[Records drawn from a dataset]

--------------------

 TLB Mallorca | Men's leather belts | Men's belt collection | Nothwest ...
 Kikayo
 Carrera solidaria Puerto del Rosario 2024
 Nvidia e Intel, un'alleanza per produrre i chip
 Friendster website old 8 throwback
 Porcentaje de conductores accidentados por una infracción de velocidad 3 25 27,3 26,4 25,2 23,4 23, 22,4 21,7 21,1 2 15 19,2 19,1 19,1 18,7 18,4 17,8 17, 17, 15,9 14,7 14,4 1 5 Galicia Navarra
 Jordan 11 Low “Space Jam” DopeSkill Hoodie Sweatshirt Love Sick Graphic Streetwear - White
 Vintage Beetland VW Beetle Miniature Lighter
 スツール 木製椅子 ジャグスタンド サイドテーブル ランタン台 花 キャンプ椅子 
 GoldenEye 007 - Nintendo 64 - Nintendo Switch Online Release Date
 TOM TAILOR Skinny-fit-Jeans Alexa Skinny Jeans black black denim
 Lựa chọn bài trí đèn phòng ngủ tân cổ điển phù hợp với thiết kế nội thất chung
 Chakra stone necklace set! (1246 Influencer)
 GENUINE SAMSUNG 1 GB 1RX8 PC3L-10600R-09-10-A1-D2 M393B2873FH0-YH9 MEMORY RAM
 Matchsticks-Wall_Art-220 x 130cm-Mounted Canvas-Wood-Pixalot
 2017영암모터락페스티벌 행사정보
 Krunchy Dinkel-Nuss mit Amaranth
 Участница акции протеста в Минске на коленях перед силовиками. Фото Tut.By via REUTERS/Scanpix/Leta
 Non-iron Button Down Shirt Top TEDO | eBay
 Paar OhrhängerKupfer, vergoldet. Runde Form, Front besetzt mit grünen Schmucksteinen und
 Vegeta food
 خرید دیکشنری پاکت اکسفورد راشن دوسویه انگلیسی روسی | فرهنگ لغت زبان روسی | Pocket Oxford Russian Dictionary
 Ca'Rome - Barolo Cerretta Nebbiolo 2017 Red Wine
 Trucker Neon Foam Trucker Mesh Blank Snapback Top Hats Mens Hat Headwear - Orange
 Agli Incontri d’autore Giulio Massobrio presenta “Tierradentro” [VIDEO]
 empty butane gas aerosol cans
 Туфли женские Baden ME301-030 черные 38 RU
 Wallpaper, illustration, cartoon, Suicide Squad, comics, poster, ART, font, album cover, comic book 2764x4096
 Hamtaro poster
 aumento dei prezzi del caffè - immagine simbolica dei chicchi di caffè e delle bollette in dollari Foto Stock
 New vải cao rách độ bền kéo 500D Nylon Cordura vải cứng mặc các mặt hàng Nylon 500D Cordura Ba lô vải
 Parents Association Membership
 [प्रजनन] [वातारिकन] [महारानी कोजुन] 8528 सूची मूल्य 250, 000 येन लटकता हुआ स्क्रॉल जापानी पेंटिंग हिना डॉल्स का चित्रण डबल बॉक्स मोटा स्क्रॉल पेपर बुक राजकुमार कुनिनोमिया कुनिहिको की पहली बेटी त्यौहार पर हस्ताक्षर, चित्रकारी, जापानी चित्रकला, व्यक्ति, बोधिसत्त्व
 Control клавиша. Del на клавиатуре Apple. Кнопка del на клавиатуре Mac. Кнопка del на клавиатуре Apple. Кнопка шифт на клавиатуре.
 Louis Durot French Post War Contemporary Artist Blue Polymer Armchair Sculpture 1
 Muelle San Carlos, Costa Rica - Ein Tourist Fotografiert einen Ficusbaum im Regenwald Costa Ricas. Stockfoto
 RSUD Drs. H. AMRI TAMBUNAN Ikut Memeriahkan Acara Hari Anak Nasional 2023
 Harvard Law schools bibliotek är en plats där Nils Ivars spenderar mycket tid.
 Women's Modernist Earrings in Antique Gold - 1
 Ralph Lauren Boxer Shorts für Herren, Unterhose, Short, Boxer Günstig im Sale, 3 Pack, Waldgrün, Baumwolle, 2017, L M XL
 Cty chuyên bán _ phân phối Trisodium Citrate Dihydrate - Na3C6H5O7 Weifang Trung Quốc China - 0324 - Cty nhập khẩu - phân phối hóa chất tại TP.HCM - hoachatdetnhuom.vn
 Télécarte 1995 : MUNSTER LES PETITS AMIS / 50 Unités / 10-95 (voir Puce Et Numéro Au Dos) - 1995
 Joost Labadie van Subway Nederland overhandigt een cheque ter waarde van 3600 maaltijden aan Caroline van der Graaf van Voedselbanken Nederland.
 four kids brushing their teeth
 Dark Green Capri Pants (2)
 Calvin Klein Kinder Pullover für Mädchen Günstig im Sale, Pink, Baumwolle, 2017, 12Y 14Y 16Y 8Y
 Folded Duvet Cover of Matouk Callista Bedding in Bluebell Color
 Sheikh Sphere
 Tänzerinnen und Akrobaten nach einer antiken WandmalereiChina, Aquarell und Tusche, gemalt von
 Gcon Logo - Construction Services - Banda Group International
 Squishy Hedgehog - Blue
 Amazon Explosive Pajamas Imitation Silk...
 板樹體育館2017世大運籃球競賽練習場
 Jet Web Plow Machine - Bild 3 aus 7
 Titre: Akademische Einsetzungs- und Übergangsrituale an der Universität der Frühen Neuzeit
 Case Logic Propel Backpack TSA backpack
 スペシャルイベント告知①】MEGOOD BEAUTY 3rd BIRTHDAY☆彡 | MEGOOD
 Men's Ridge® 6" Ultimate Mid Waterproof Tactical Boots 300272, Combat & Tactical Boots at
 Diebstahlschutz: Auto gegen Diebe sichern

--------------------

THE TASK → The records above should be printed exactly, please, from the first line through the line containing "aumento dei prezzi", with both ends kept and nothing past it.

COMPLETED EXERCISE →
 TLB Mallorca | Men's leather belts | Men's belt collection | Nothwest ...
 Kikayo
 Carrera solidaria Puerto del Rosario 2024
 Nvidia e Intel, un'alleanza per produrre i chip
 Friendster website old 8 throwback
 Porcentaje de conductores accidentados por una infracción de velocidad 3 25 27,3 26,4 25,2 23,4 23, 22,4 21,7 21,1 2 15 19,2 19,1 19,1 18,7 18,4 17,8 17, 17, 15,9 14,7 14,4 1 5 Galicia Navarra
 Jordan 11 Low “Space Jam” DopeSkill Hoodie Sweatshirt Love Sick Graphic Streetwear - White
 Vintage Beetland VW Beetle Miniature Lighter
 スツール 木製椅子 ジャグスタンド サイドテーブル ランタン台 花 キャンプ椅子 
 GoldenEye 007 - Nintendo 64 - Nintendo Switch Online Release Date
 TOM TAILOR Skinny-fit-Jeans Alexa Skinny Jeans black black denim
 Lựa chọn bài trí đèn phòng ngủ tân cổ điển phù hợp với thiết kế nội thất chung
 Chakra stone necklace set! (1246 Influencer)
 GENUINE SAMSUNG 1 GB 1RX8 PC3L-10600R-09-10-A1-D2 M393B2873FH0-YH9 MEMORY RAM
 Matchsticks-Wall_Art-220 x 130cm-Mounted Canvas-Wood-Pixalot
 2017영암모터락페스티벌 행사정보
 Krunchy Dinkel-Nuss mit Amaranth
 Участница акции протеста в Минске на коленях перед силовиками. Фото Tut.By via REUTERS/Scanpix/Leta
 Non-iron Button Down Shirt Top TEDO | eBay
 Paar OhrhängerKupfer, vergoldet. Runde Form, Front besetzt mit grünen Schmucksteinen und
 Vegeta food
 خرید دیکشنری پاکت اکسفورد راشن دوسویه انگلیسی روسی | فرهنگ لغت زبان روسی | Pocket Oxford Russian Dictionary
 Ca'Rome - Barolo Cerretta Nebbiolo 2017 Red Wine
 Trucker Neon Foam Trucker Mesh Blank Snapback Top Hats Mens Hat Headwear - Orange
 Agli Incontri d’autore Giulio Massobrio presenta “Tierradentro” [VIDEO]
 empty butane gas aerosol cans
 Туфли женские Baden ME301-030 черные 38 RU
 Wallpaper, illustration, cartoon, Suicide Squad, comics, poster, ART, font, album cover, comic book 2764x4096
 Hamtaro poster
 aumento dei prezzi del caffè - immagine simbolica dei chicchi di caffè e delle bollette in dollari Foto Stock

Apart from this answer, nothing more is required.